CHP’DE DEĞİŞİM İÇSELLEŞMELİDİR. DEMOKRATİK GÖRÜNÜMLÜ DEĞİL; LAFZIYLA VE RUHUYLA TAM DEMOKRATİK TÜZÜK VE DEVRİMCİ BİR PROGRAM HAZIRLANMALIDIR.
Cumhuriyet Halk Partisi, 2023 yılında gerçekleşen kurultay ile yönetsel bir değişim sürecine girmiştir. Bu değişim, toplumda büyük yankı bulmuş, CHP yerel seçimlerde birinci parti olmayı başarmıştır. Bu seçim sonucunu bir yönüyle iktidarda bulunan partinin aldığı düşük oyun etkisi belirgin kılmıştır. Bunun yanı sıra, CHP’nin toplumda yarattığı güven ve yenilenme vaadi, partinin yükselişinde önemli bir rol oynamıştır. Parti üst yönetiminin değişmesi ve siyasi rotasındaki öze dönüş sinyali olumlu olarak görülmelidir. Parti yönetiminde yaşanan değişimler, partinin kuruluş ilkelerine dönme arzusunu yeniden alevlendirmiş ve bu durum, hem parti içinde hem de toplumda geniş bir yankı bulmuştur.
CHP tabanında beklenti yükselmiştir.
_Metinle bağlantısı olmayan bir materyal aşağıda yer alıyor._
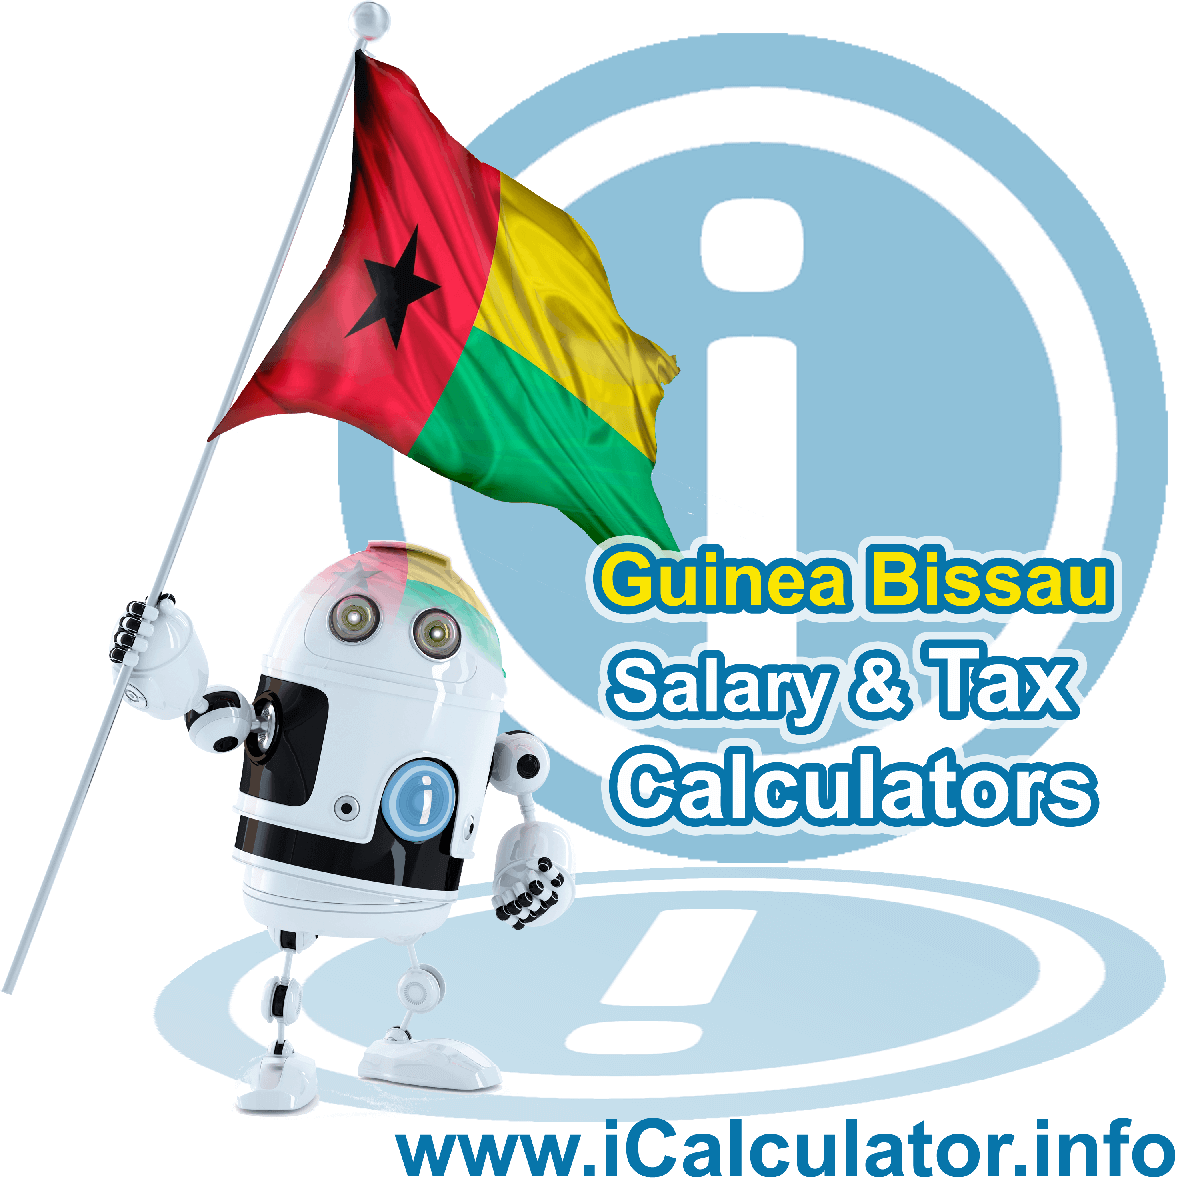 Guinea Bissau Tax Calculator. This image shows the Guinea Bissau flag and information relating to the tax formula for the Guinea Bissau Salary Calculator

Bu beklentilerin karşılanması için CHP, önce tam demokratik bir tüzük değişikliği sonrasında, yeni döneme uygun sosyal demokrat bir program ve liyakatli kadrolarla iktidara yürümek zorundadır. Bu, sadece CHP’nin kendisi için değil, ülke demokrasisi adına da tarihsel bir zorunluluktur.
Parti içinde kendi iktidarı ile meşgul olan ve tüm yaşamını milletvekili olarak geçirmek isteyenlerin azınlık olduğu herkesin malumudur. Bu grupların parti içinde oluşturduğu tıkanıklığın aşılması, parti içi demokrasinin tam anlamıyla hayata geçirilmesi için kritik bir adımdır. Bugün CHP sadece tüzük değişikliği yapmamalıdır, aynı zamanda ülkeye demokrasi ve özgürlük vaat eden yüzyıllık çınar olarak kendi içinde de demokrasiyi uyguladığını tüm millete göstermelidir ve bu sayede tüm siyasi partilere örnek olmalıdır. Tarihi boyunca Cumhuriyet’in ve demokrasinin en önemli savunucularından biri olan CHP, kendi içinde de bu değerleri eksiksiz uygulamalı ve bu yönde köklü adımlar atmalıdır.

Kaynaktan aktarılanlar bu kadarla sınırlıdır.